Monday, September 24, 2007

Someone Must Have Left It Underneath The Carpet

What do the critics know? A Certain Ratio, often dismissed as Joy Division copyists, as perennial under-achievers, were something far more rich and strange than that.

Well, anyway, there is a good case to be made for ACR both sounding and looking (what is the more important, I wonder? I mean, in the ripe old context of pop? Paul Morley once congratulated Edwyn Collins for apprehending the significance of Simon Topping's haircuts) like Joy Division before Joy Division did (or, at the very least, developing an early sound contemporary to and independent of Joy Division, a sound that operated in similar areas.). The grey and black palette (both aurally and visually), the demob clothes and hair-cuts, the post-punk drone and buzz, the mono/baritone vocals, the lyrics wittily dripping ennui and despair? ACR looked and sounded like the uber-Factory act while Joy Division were still sporting leather trousers and 'taches. ACR got there first ...

(Actually, they got to New York and into the clubs before New Order did too ... and isn't it the case that David Byrne first picked up a taste for funk when ACR supported Talking Heads over here? See? They got there first).


The earliest incarnation, one sadly unrecorded - a duo featuring Simon 'Dream' Topping and Peter Terrell on guitars and noise generator.
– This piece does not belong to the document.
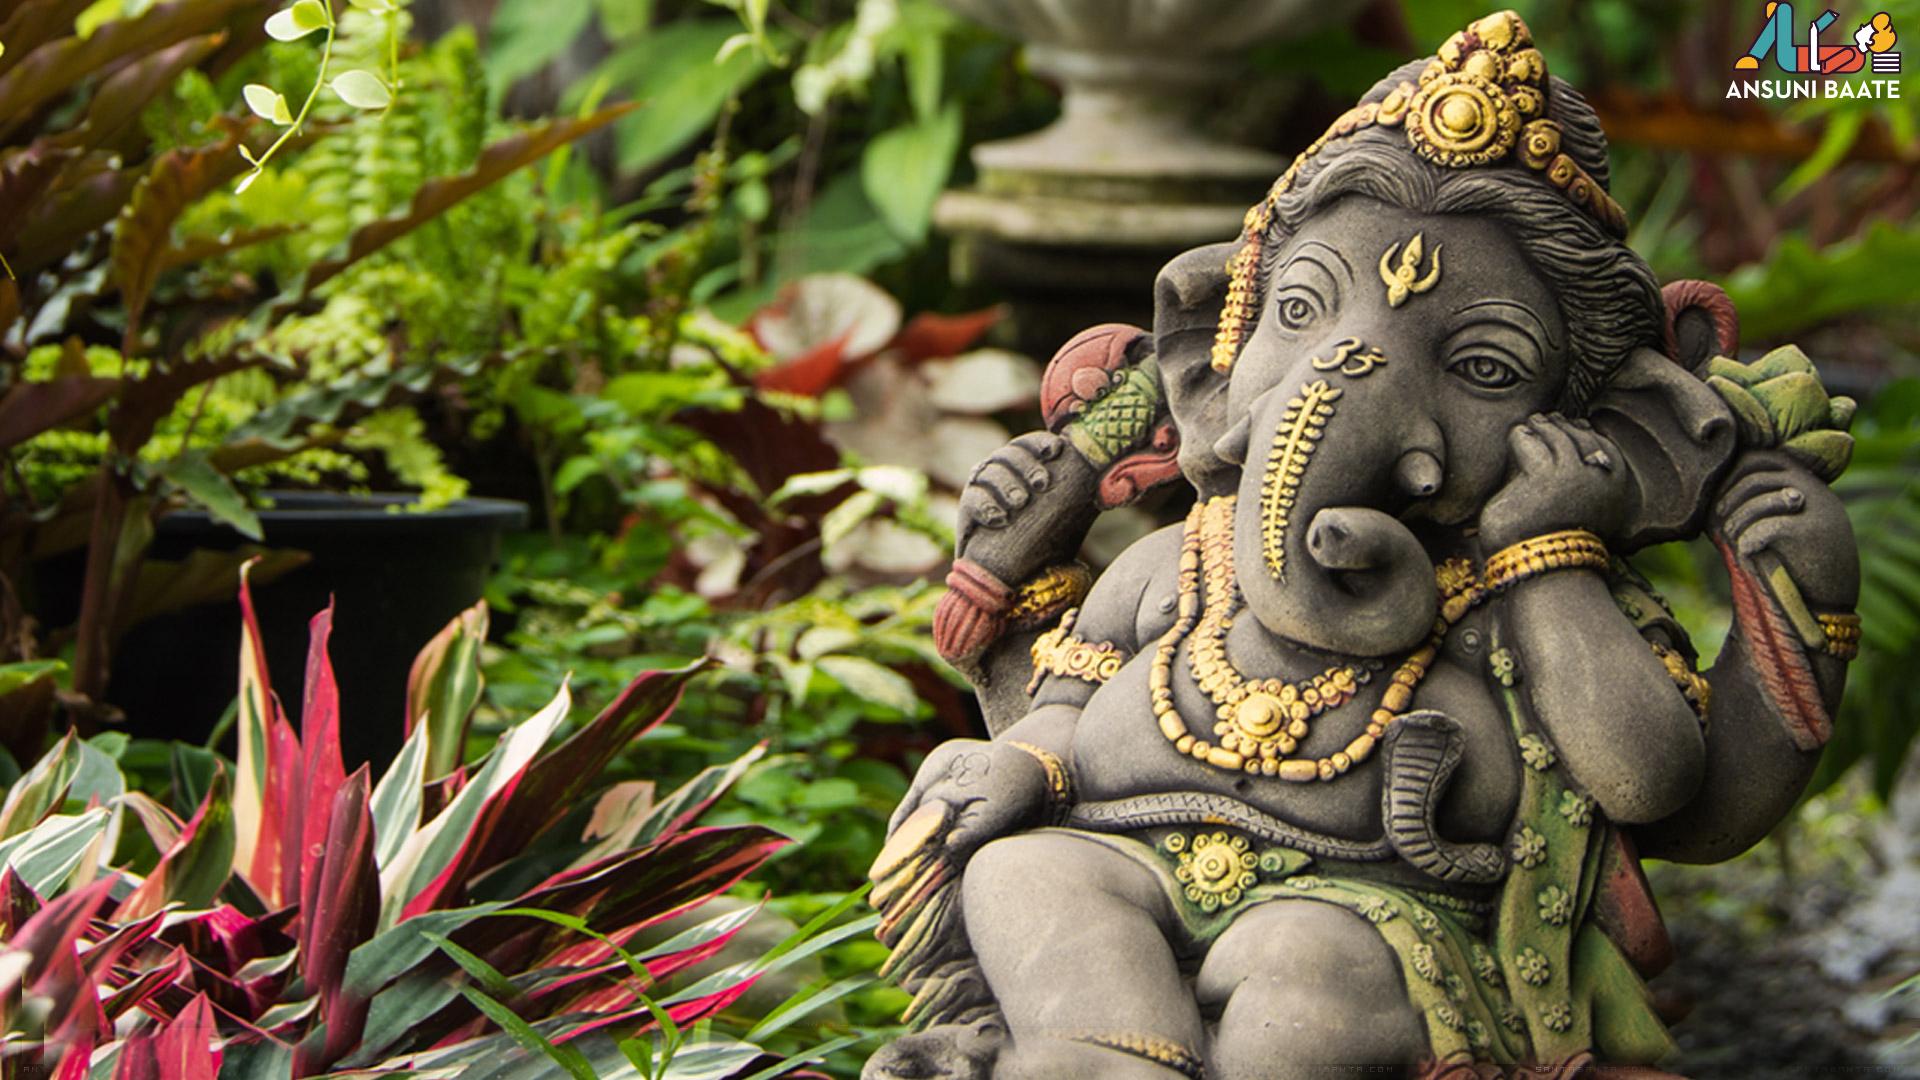 Ganesha Hd Wallpaper Posted By Ryan Cunningham

Eno (obviously), Kraftwerk and Wire are mentioned as influences. By the time of the first single , the mighty 'All Night Party'/ 'The Thin Boys', the band is a four piece - Topping on vocals, Terrell and Martin Moscrop on guitars (used as rhythmic rather than melodic elements) and electronics and Jeremy Kerr on bass. That's right, no drums. And they didn't need them - listen to 'All Night Party' and you can hear, already, the skeletal funk influence they would develop, carried by the fiercely scratched and pummelled guitars. Wonderful stuff.

And they found their spiritual home in Factory ... even catching Tony Wilson as manager (it was down to A Certain Ratio's good offices that he got himself a halfway decent haircut). He, for a while, loved them very much. Is the myth about him rubbing fake tan into their thighs true? "But best of all I liked the white shirts. The Thin Boys. Even profoundly heterosexual managers have love affairs with their charges", he wrote. They coulda been, they shoulda been ... up there with Joy Division. Treated like royalty.
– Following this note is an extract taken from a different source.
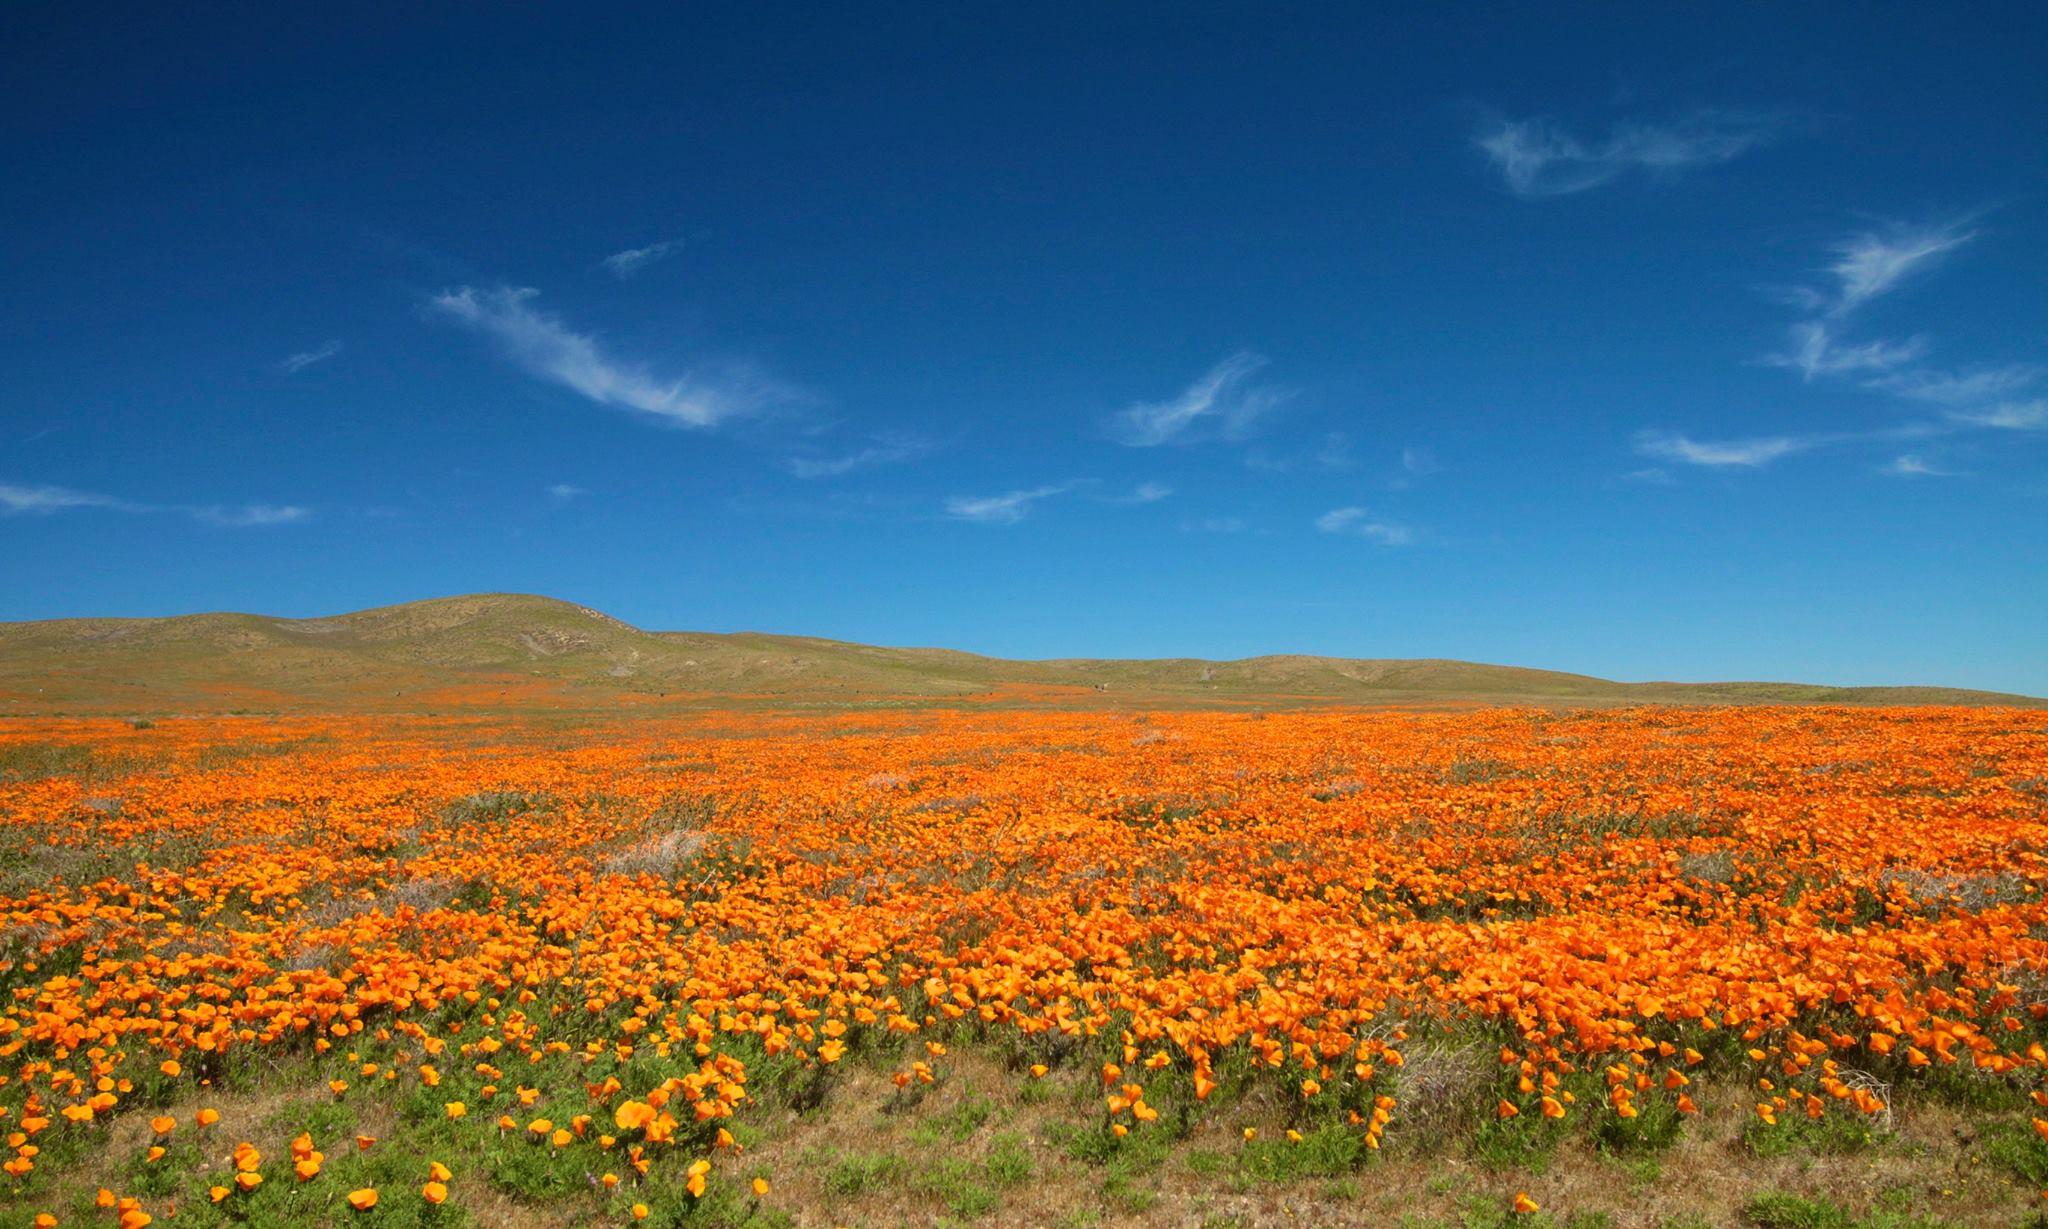 California Poppy Reserve in mid-April 2017 (Photo Credit: Joe Longo)

And then they asked Wilson to find them a drummer, a real life funk drummer. Enter Donald Johnson and, for a while, ACR had it all. A perfect collision of pop and Krautrock and post-punk and funk and anything else they fancied. Precision and discipline and wit and sex and style. Fucking perfect. Before the dread spectre of 'musicianship' threw a spanner in the works they were, I insist, perfect. For a while, just a moment gone as quickly as you like. Then technique set in, the desire to get real, get authentic. It's been the death of many a great pop band, and it did for ACR.

Of course, any Ratioer is more than entitled to tell me to keep my opinions to myself ... they did what they did and, I assume, made the music they wanted to make. And made some music I love along the way. Who could ask for anything more?
(And, having said that, there is some wonderful music on every subsequent ACR release ... their Latin grooves, for instance ... stick some of their stuff on an anonymous white label 12" and give it to some trend-setting DJs and they would be raving about the wonderful rare grooves they'd just discovered).


Where does the first album proper, To Each ... , stand now? Generally regarded as a missed opportunity, by the band as much as anyone else. I love it, actually. Recorded in New Jersey and brought to perfection by Martin Hannett only for his settings to be zeroed by a hapless studio engineer (described by Tony Wilson as "that fucking six foot five hippy") just before the final mix, it is now a critical commonplace that the spark was lost then and there ... hmmm, not sure about that. The Twilight Zone funk of 'Felch' and 'Forced Laugh', the percussion epic that is 'Winter Hill' ... they all stand up today.


Of course, with the arrogance and assurance of youth, they'd already released some of their best material on a series of singles - the aforementioned 'All Night Party'/'The Thin Boys' 7"and 'Shack Up', the 'Flight' and 'Do The Du(casse)' 12"s. Who cares? They were young and talent is for burning.


'Flight', perhaps ACR's finest achievement (one of Factory's finest, too and a perfect argument for just how necessary it all was)... six minutes of transcendental hypnotic funk as James Nice called it .

Well, they looked so perfect. That means a lot - the Hungry Thirties Factory chic, the military look (all WWII khaki shorts, camouflage gear and fake tan ... it went with the trumpets, see?) that was appropriated double quick by Echo and The Bunnymen ... (if memory serves, the music press went overboard for the Bunnymen then, everyone thought it so witty), the sports gear. Trend setters every time.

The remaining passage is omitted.